Thank God that Melissa S. got kicked off, she's such a brat. Did she forget she's trying to join a GROUP ... she's not an individual so not being able to work 100% with your other group members doesn't make you look too good.


----------



## Dawn (Apr 19, 2007)

Yeah, it was so funny how she was making fun of Chelsea and then Chelsea moved on to the next round.   HA!!!!!!  I really think Melissa S. was shocked that she wasn't staying.  I really like Chelsea, but don't think she is going to win.  Very tough decision between the other 2 girls.  They are both so good.


----------



## CaraAmericana (Apr 19, 2007)

Asia is impressing me! She would look good with the group. But please, get her some braces.


----------



## TangoMango (May 6, 2007)

How does everyone else feel about Asia's win? I still think Melissa R should have won.


----------



## xSazx (May 8, 2007)

I wanted Melissa R to win 
	

	
	
		
		

		
			





 not a fan of Aisa!


----------



## Holly (May 8, 2007)

Lol for some reason I found all the contestants of TNPCD looked really young compared to the PCDs.
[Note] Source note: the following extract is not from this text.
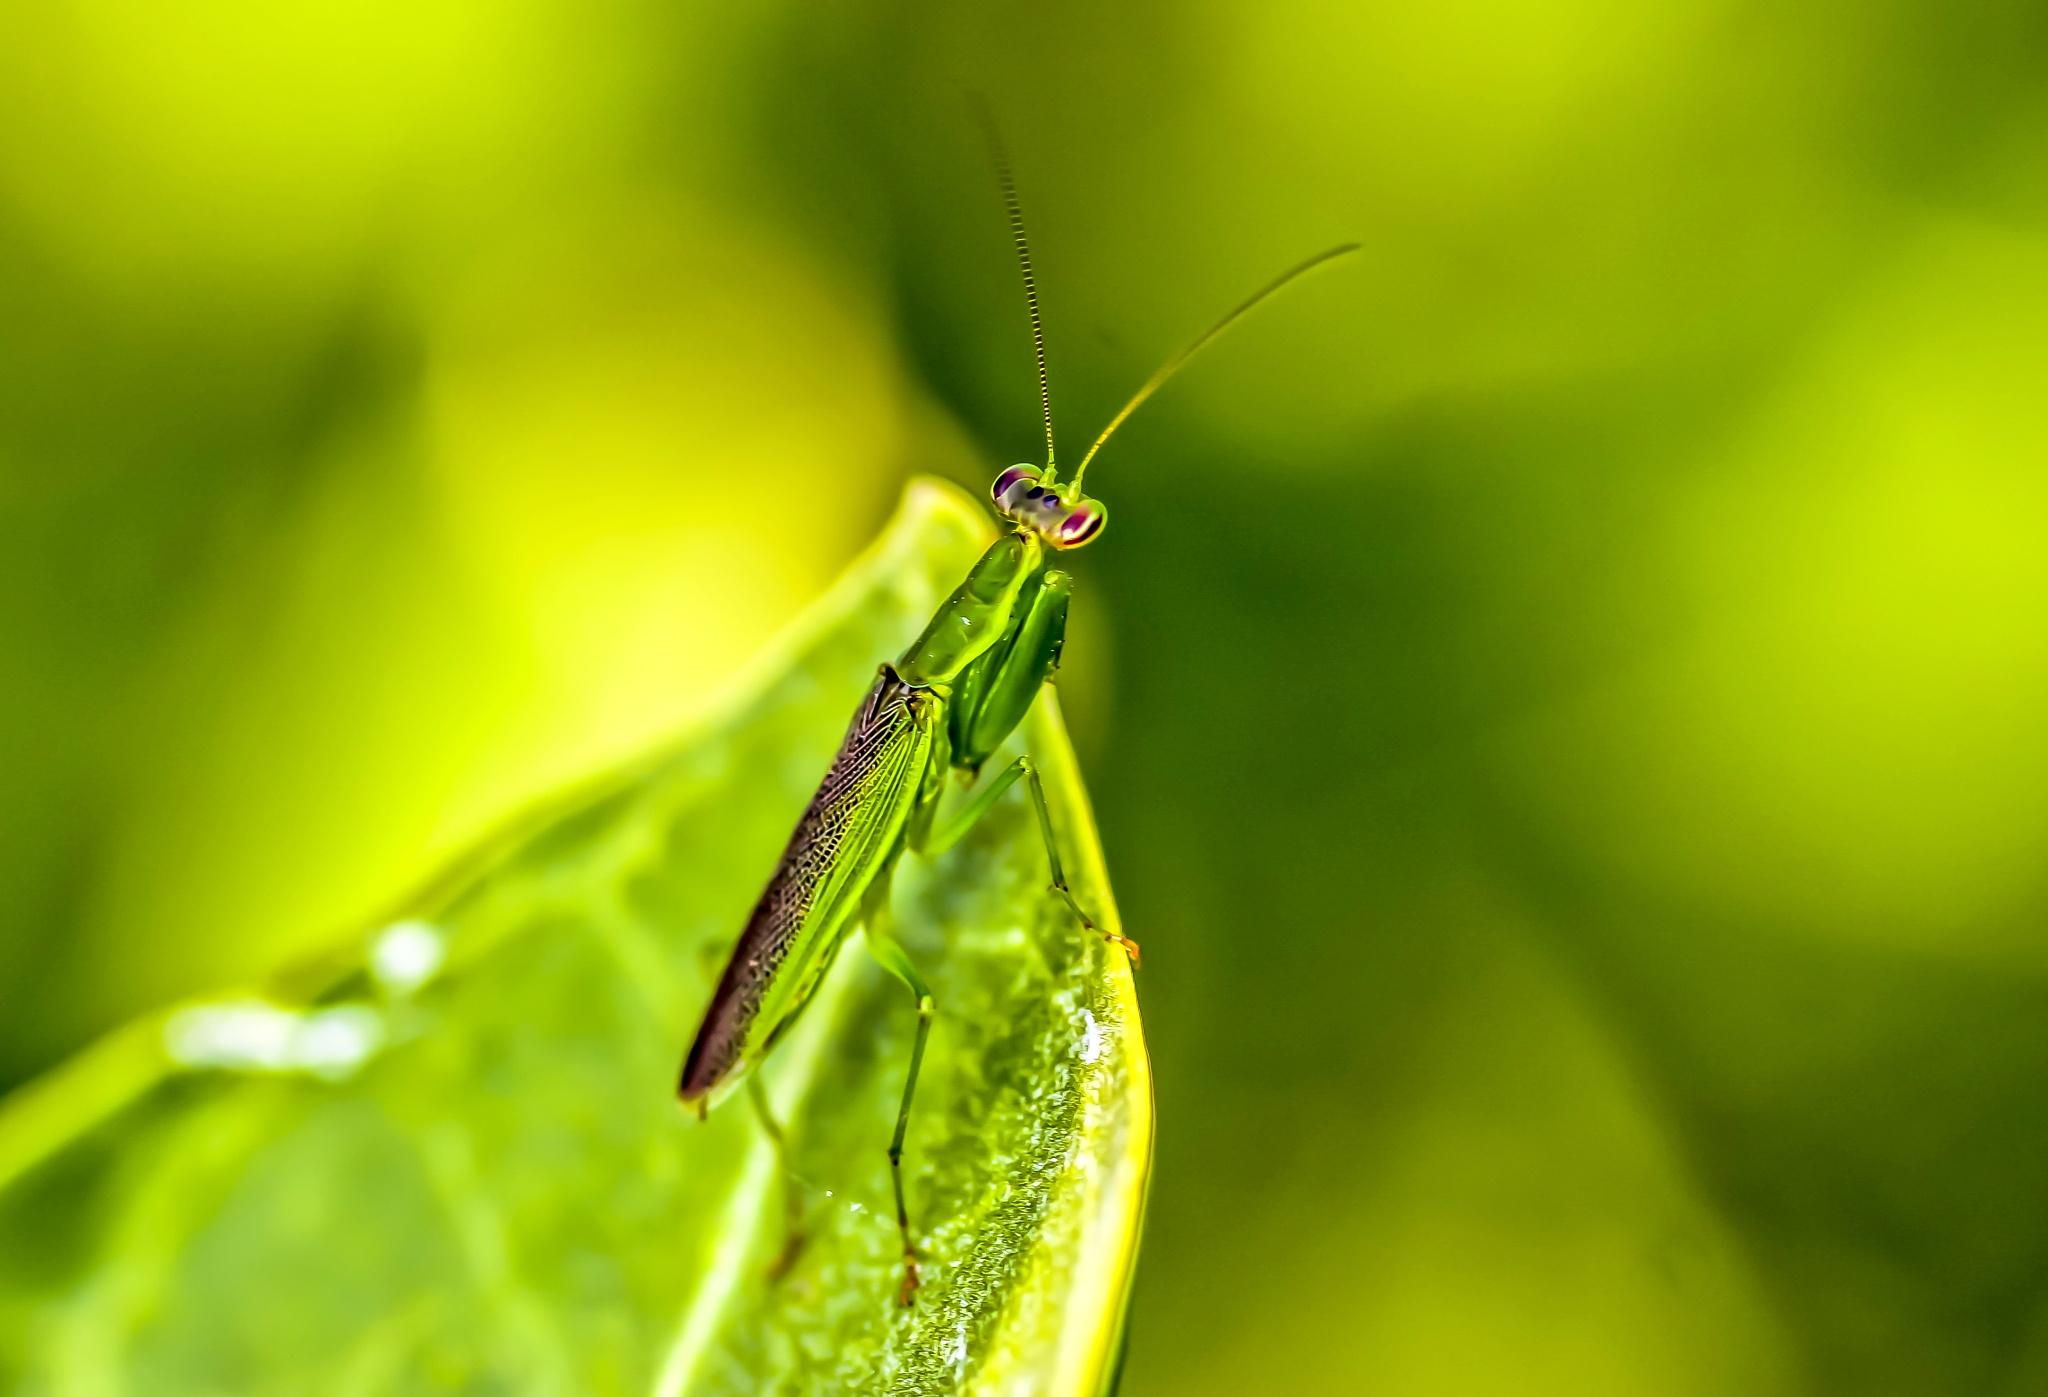 Mantis by Sayeeram Rengaraj

Like when Asia was singing and dancing with them, I thought that she looked like their little sister singing and dancing with them lol


----------



## nunu (Mar 23, 2008)

This show is on for us UK viewers it's on TMF back to back episodes today. I watched it last year in April, i love Chelsea!
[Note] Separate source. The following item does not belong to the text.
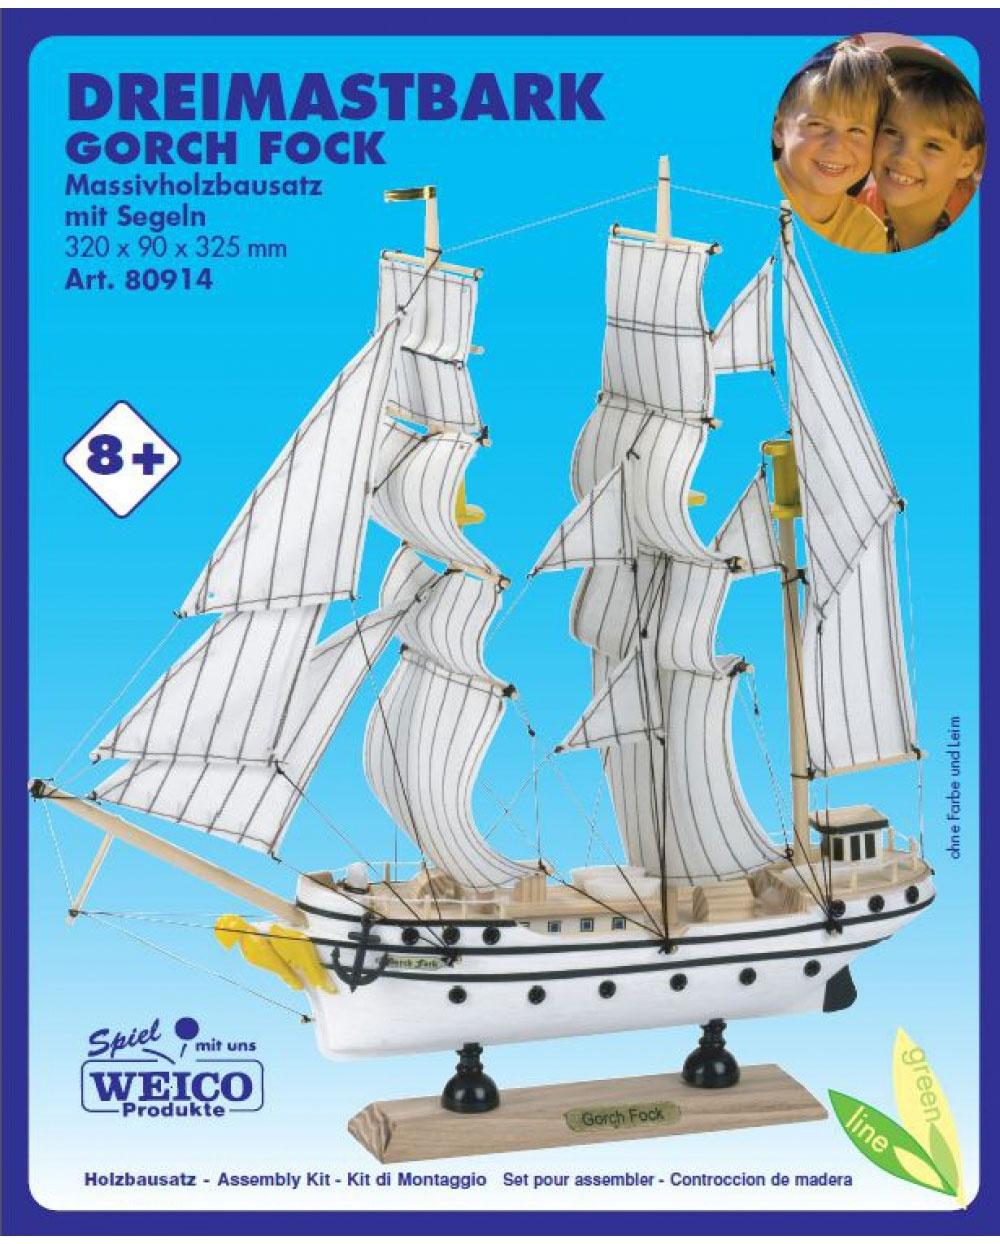 Holzbausatz Dreimastbark Gorch Fock Massivholz 320x90x325mm

Oh yes and i noticed that the make up they use is MAC, it is written in the credits of the show at the end.


----------



## user79 (Mar 25, 2008)

Whatever happened to the winner, she's not in the band now, is she? I thought that was the point...?


----------



## nunu (Mar 25, 2008)

yes apparently she left! LOL..


----------



## glam8babe (Mar 25, 2008)

yeh i heard she left.. or something? but nicole scherzinger left to go solo but now shes going back in the band.. thank god!


----------



## TangoMango (Mar 30, 2008)

Is anyone watching the new show, Girlicious? It makes me miss the girls from last season. Especially Chelsea and Anastasia.


----------



## xoxprincessx0x (Mar 30, 2008)

i love jenna!!! and i lovee all the makeup they wear!! lol


----------